* **Exercise goal**
Determine the number of lines of the records below that include "Москве". Respond with the number and no other text.

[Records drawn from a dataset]
# # #
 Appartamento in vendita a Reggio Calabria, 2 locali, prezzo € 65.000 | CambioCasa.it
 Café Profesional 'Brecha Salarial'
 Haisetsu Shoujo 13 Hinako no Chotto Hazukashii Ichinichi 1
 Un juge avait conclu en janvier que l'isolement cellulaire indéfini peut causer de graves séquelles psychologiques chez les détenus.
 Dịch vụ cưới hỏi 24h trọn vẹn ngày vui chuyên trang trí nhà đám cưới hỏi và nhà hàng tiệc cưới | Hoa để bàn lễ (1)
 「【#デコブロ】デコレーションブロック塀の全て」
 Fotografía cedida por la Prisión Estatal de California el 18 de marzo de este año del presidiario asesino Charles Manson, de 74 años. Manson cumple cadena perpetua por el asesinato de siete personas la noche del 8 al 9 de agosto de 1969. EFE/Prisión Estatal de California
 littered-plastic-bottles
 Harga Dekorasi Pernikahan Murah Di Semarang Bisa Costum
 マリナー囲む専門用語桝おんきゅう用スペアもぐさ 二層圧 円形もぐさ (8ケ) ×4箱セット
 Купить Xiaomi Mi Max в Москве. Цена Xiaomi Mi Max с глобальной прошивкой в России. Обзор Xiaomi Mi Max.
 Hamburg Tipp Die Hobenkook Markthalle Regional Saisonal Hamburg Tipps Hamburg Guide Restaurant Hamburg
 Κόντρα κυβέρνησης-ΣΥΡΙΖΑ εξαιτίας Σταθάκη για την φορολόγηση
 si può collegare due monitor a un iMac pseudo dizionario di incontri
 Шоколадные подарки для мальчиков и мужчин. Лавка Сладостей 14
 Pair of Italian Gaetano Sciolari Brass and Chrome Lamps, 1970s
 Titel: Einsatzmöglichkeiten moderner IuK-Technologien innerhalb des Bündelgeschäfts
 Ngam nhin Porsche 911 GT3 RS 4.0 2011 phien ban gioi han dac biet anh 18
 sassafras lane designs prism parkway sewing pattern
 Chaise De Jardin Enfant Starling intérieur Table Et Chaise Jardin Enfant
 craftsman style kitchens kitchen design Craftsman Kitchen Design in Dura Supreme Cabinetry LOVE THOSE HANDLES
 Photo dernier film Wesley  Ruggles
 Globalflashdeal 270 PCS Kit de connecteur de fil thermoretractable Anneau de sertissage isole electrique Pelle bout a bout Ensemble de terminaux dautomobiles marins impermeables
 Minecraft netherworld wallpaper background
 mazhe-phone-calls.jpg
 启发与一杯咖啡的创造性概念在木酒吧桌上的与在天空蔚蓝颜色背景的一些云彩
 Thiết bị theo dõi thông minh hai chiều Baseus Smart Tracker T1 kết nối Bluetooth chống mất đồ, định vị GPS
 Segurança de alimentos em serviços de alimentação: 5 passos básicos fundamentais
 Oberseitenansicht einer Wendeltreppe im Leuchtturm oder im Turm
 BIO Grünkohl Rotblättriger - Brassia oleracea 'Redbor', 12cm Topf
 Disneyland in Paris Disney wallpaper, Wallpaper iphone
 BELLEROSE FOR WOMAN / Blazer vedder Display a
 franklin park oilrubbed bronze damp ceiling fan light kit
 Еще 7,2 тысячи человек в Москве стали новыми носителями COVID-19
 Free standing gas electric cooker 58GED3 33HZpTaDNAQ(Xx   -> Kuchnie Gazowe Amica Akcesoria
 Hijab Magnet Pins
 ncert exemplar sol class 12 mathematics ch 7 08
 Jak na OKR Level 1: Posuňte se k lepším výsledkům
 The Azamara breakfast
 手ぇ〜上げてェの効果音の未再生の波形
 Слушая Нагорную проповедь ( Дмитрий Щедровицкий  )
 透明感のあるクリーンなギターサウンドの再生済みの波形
# # #
* **Task response**
2